From:  The Humane Society of the United States

Dec 8, 2014 by Wayne Pacelle

The horse slaughter industry has been dealt the biggest blow since The HSUS led the fight in Congress, the states, and federal courts to shut down the three operating horse slaughter plants in the United States in 2007. Today’s game-changing news: the European Commission has suspended the import of horsemeat from Mexico to the European Union (EU) due to food safety concerns.

Mexico accepts tens of thousands of American horses for slaughter and shipment to Europe. Photo: The HSUS

HSI EU executive director Jo Swabe and I have personally appealed to senior EU regulatory leaders multiple times on this issue. I have long wondered how the Europeans could tolerate the rampant abuse and drugging of horses endemic to the North American trade, given their rigorous adherence to humane food safety standards for other species. The regulatory correction to the situation in Mexico has now finally occurred.

The suspension follows a series of audits by the Commission’s Food and Veterinary Office (FVO) – the most recent one was published last week. The audit is a shocking account of significant animal welfare concerns that riddle the entire horse slaughter pipeline, from the United States to Mexico. The audit also details serious concerns about the traceability of horses slaughtered in EU-certified equine slaughterhouses in Mexico; 87 percent of these animals originate from the United States.

The Commission’s decision reflects exactly what The HSUS and HSI have been saying for years – there are serious food safety issues regarding horsemeat that originates from U.S. horses because they are not raised as food animals. Horses are our companions and partners in work and sport. As a result, horses are commonly treated with drugs such as phenylbutazone and other substances long deemed unfit for human consumption.
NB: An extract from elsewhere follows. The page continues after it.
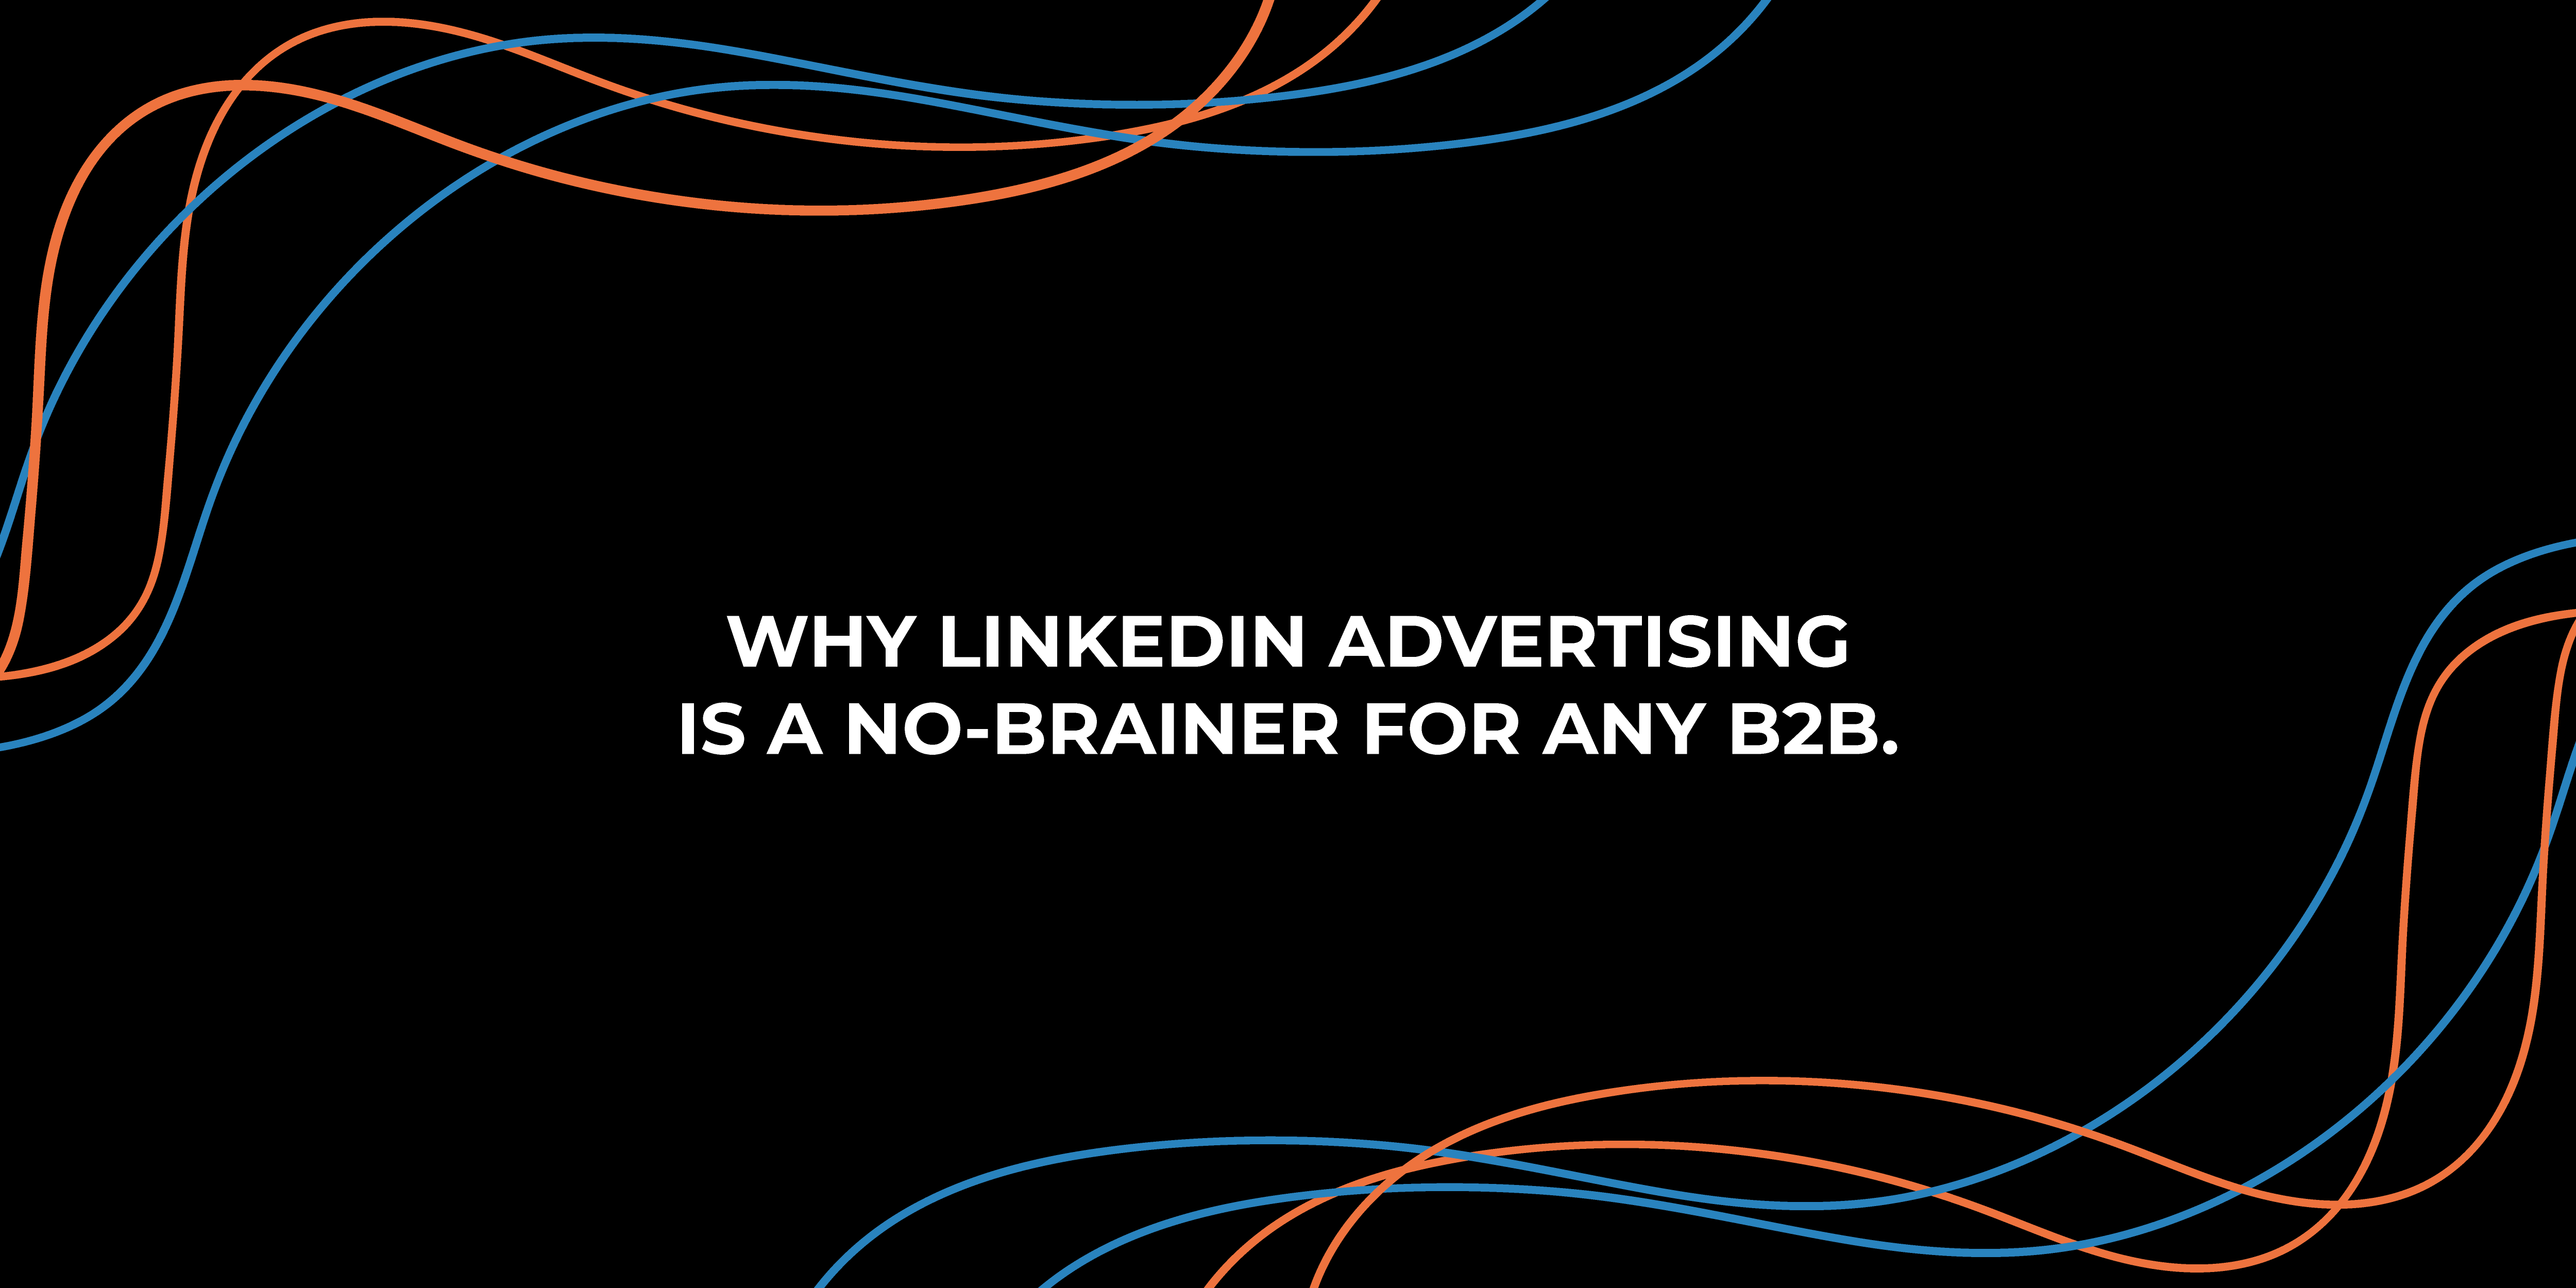 Why LinkedIn Advertising is a no-brainer for any B2B
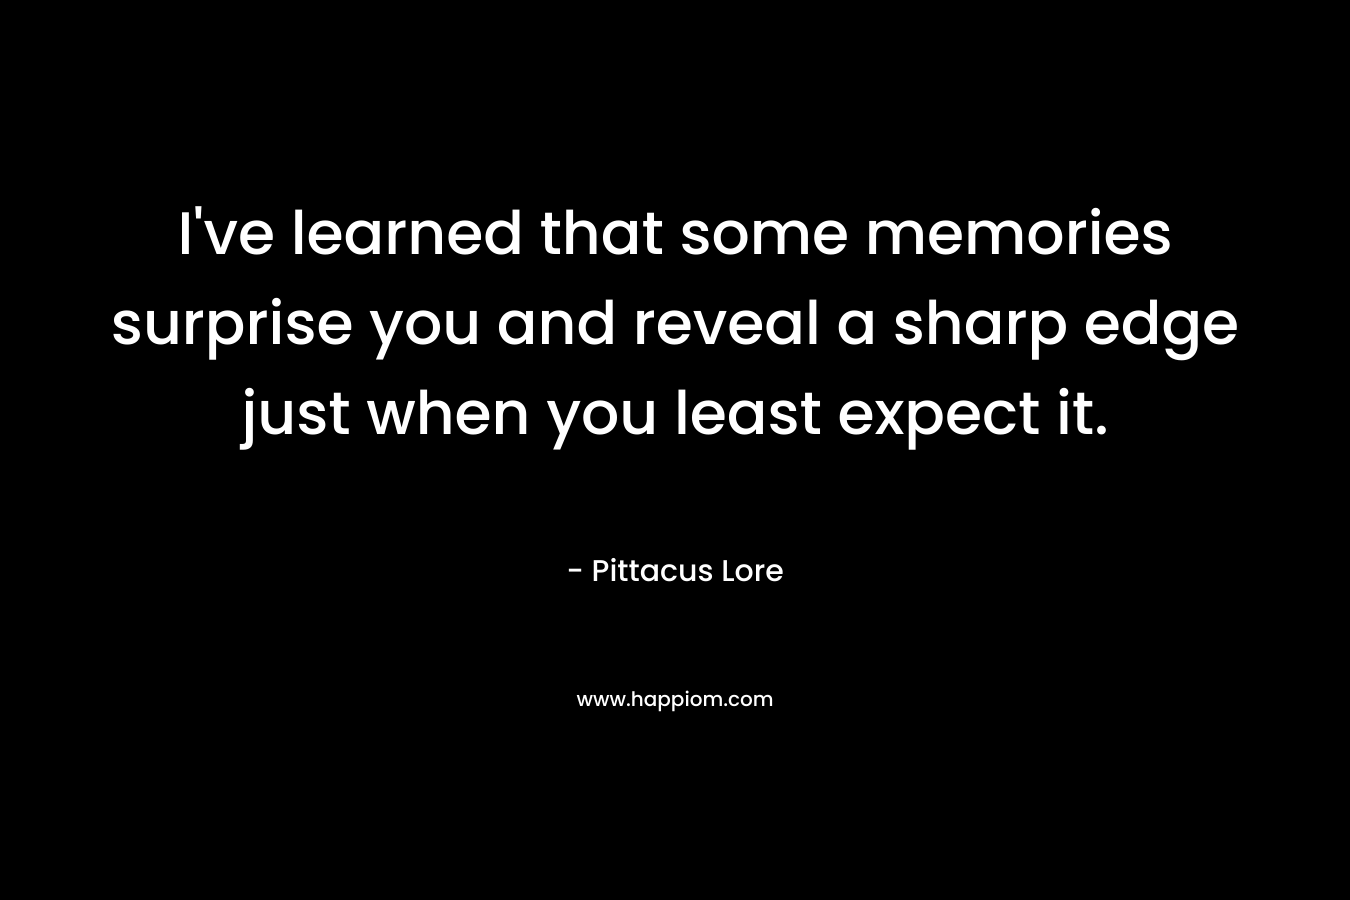 I’ve learned that some memories surprise you and reveal a sharp edge just when you least expect it. – Pittacus Lore

And, as the audit shows, American horses lack lifetime medical records and do not meet EU food safety regulations.

While the audit focused on food safety, it also documented appalling suffering in the United States and Mexico. It details downed, sick horses slaughtered for human consumption despite being ill, horses suffering in export facilities on U.S. soil, and horrific welfare problems during transport. The audit confirms the cruelty of the horse slaughter pipeline that The HSUS has repeatedly exposed through undercover footage. The FVO even acknowledges that the information received from groups such as The HSUS and HSI accurately depicts the extremely poor conditions in which horses are transported. Special thanks to Animals Angels for its tireless work to document this trade.

The predatory horse slaughter industry is singularly concerned with making a buck, by snatching up young and healthy horses at auction, often outbidding legitimate horse owners and rescues. For these interests, it’s never been about euthanizing old, sick horses – that’s been a fiction since the start of this debate. This lust for profit is precisely why the industry and its legions of lobbyists have fought so hard to block federal legislation that would end horse slaughter.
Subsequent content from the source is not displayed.